In vitro stimulation by islet antigen facilitates the detectability of beta-cell reactive cells in diabetes-prone BB/OK rats.

It has been supposed that beta-cell destruction in man and animals is due to autoreactive T-cells. We used the [51Cr]-release assay to identify the presence of beta-cell reactive cells in the spleen of diabetes-prone BB/OK rats before and after diabetes manifestation as well as in long-term normoglycaemic rats with a reduced diabetes risk of 3%. Splenic mononuclear cells (MNCs) obtained from diabetes-resistant LEW.1W and the majority of long-term normoglycaemic BB/OK rats (86.4%) showed no reactivity to pancreatic islets in vitro. In contrast, beta-cell reactive cells were identified in dependence on age in 30.4-65.0% of 75-120 days old normoglycaemic rats and in relation to diabetes duration (1 and 20 days) in 75.0% and 16.0% of diabetic BB/OK rats.
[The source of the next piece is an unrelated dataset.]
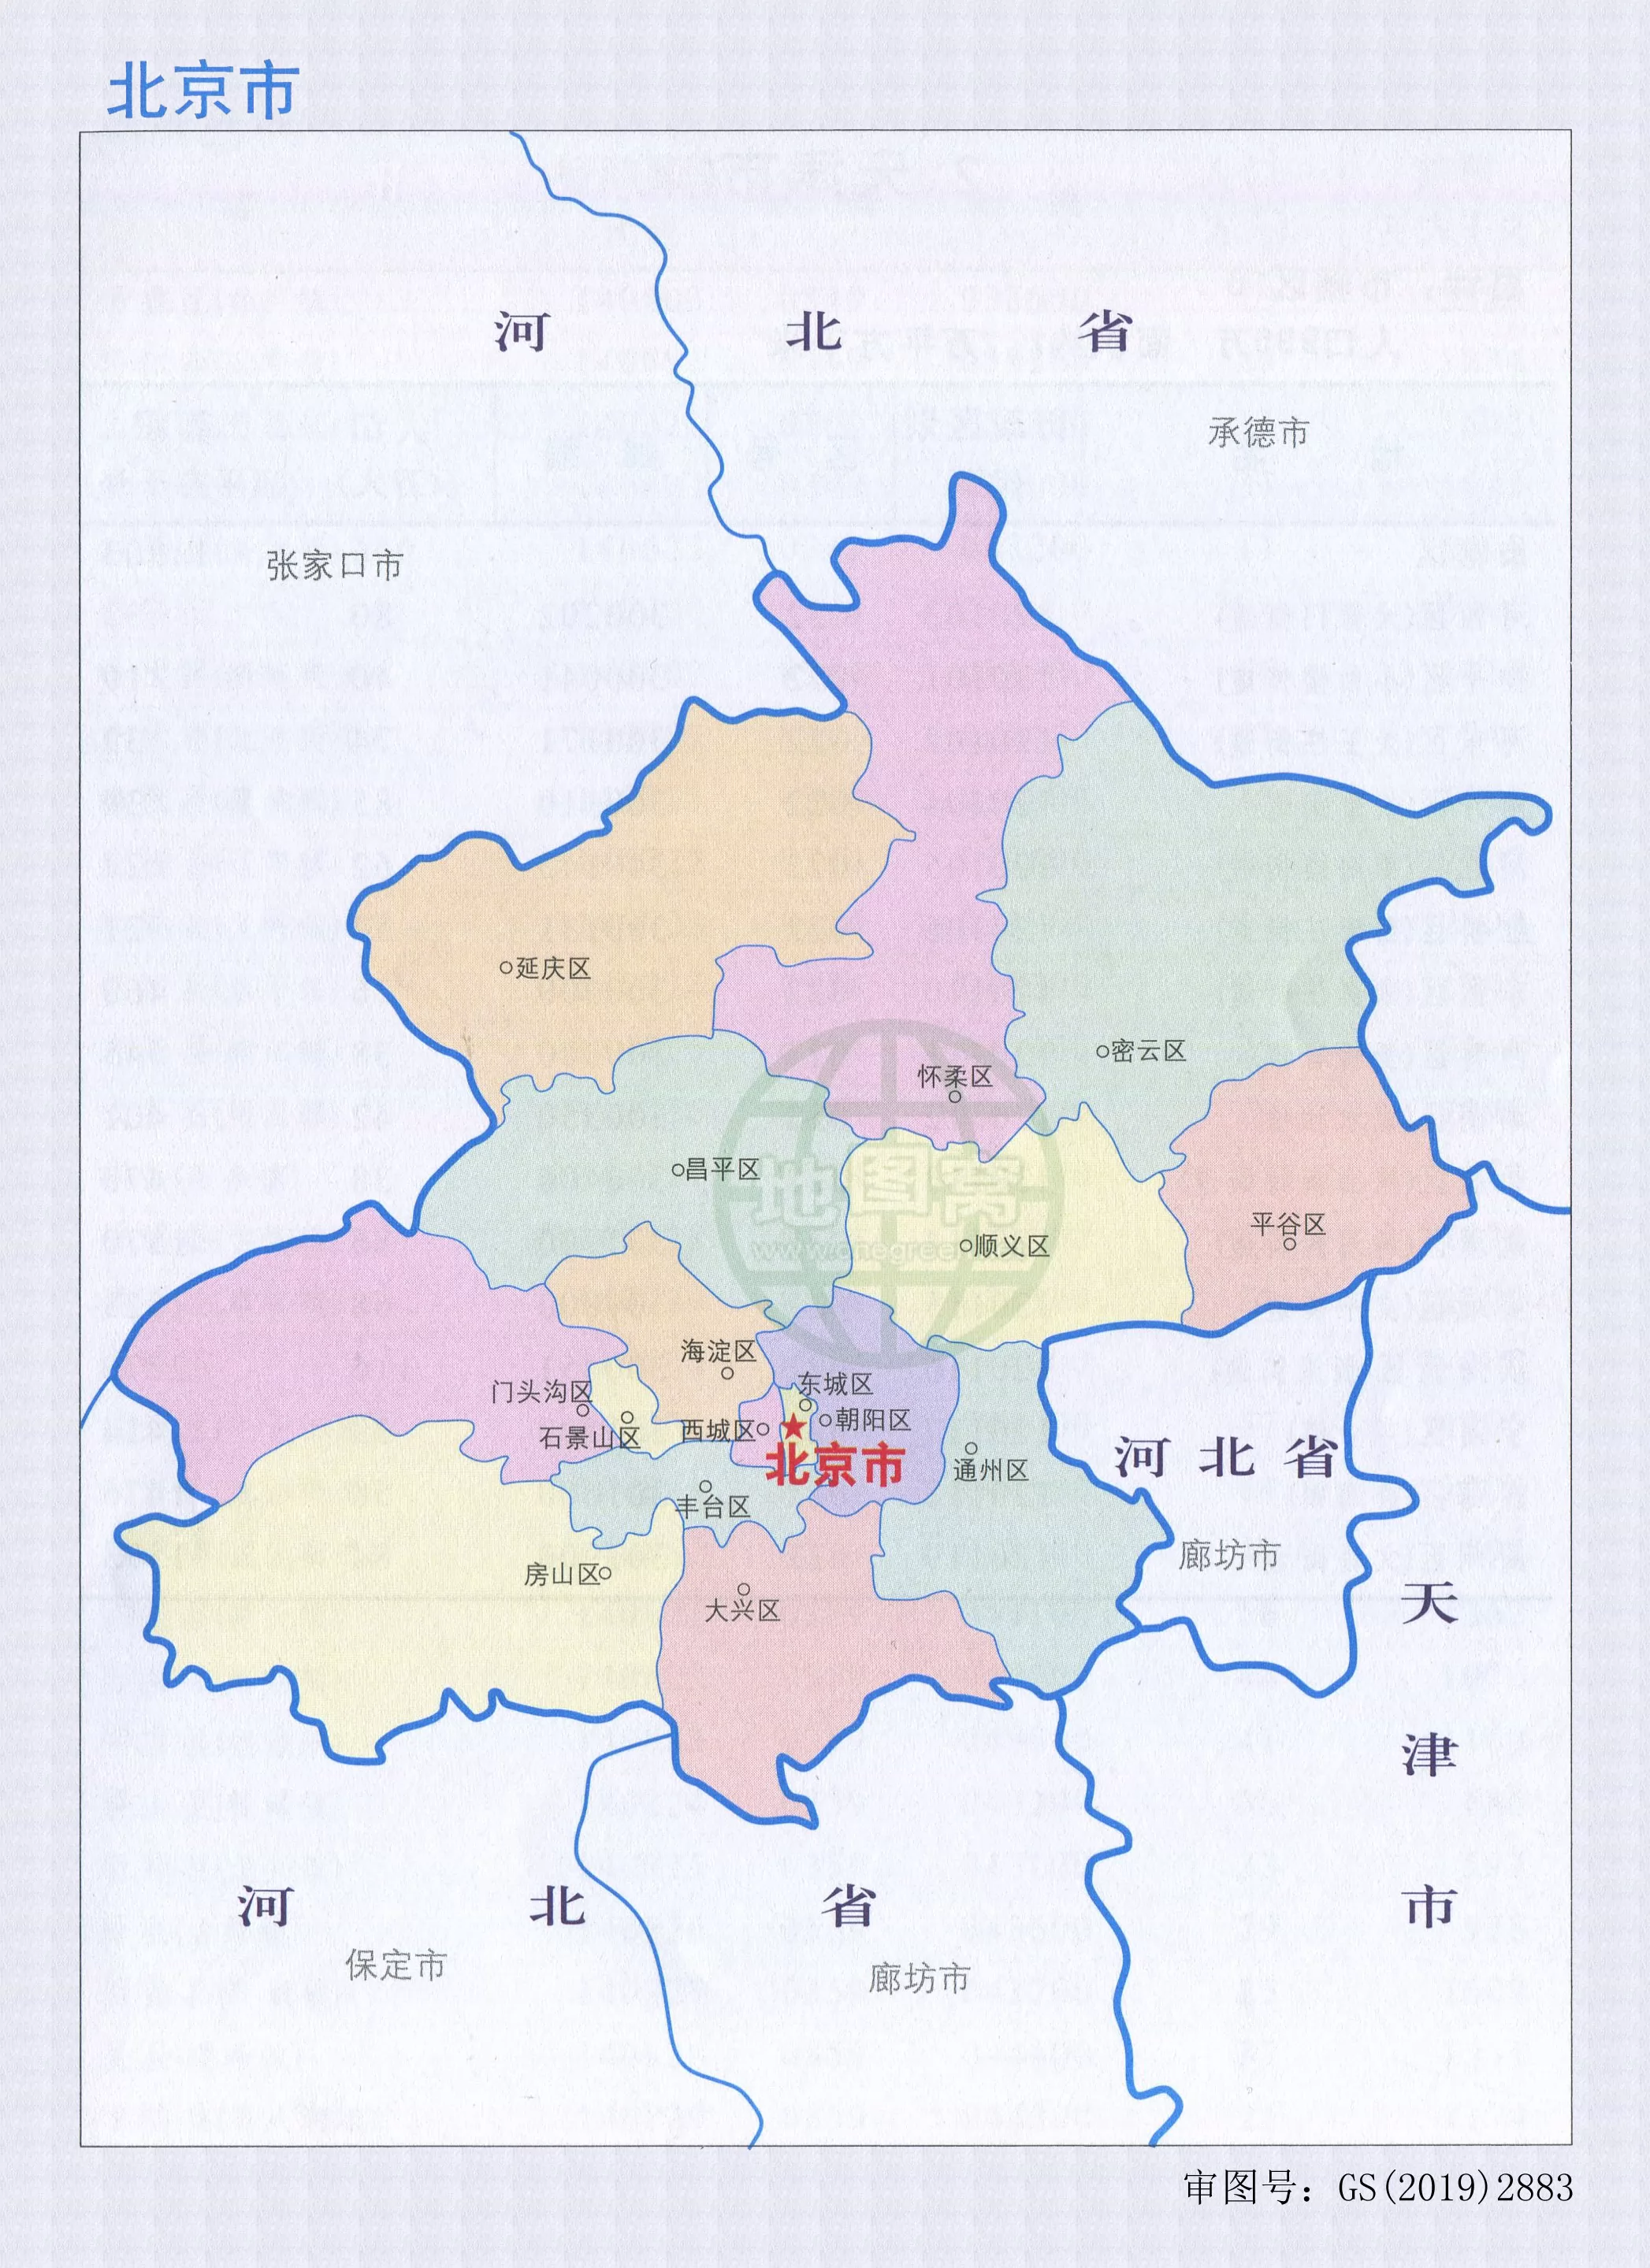 北京地图,北京地图查询,北京地图全图 - 中国地图全图 - 地理教师网

Islet antigen-specific stimulation of splenic MNCs, that showed no spontaneous islet-directed reactivity, resulted in a concentration-dependent activation of cytolytically reactive cells in BB/OK but not in LEW.1W rats. Splenic MNCs derived from all diabetic, from 82.4% of young normoglycaemic and from 46.2% of long-term normoglycaemic BB/OK rats developed an islet-directed reactivity in vitro. Phenotyping of MNCs showed a significant increase of activated IL2R+ T-lymphocytes in diabetic BB/OK rats, but without any correlation to their cytolytic potential in the [51Cr]-release assay. Despite this fact, IL2R+ cells enriched from the pool of MNCs mediated an enhanced [51Cr]-release from islets, indicating their relevance in the beta-cell destruction. These data suggest, that functional reactivity rather than phenotypic characterization of MNCs is useful to identify the existence of beta-cell reactive cells. Furthermore, for screening diabetes risk in young normoglycaemic BB/OK rats besides the detection of beta-cell reactive cells the occurrence of regulatory cells seems to be decisive.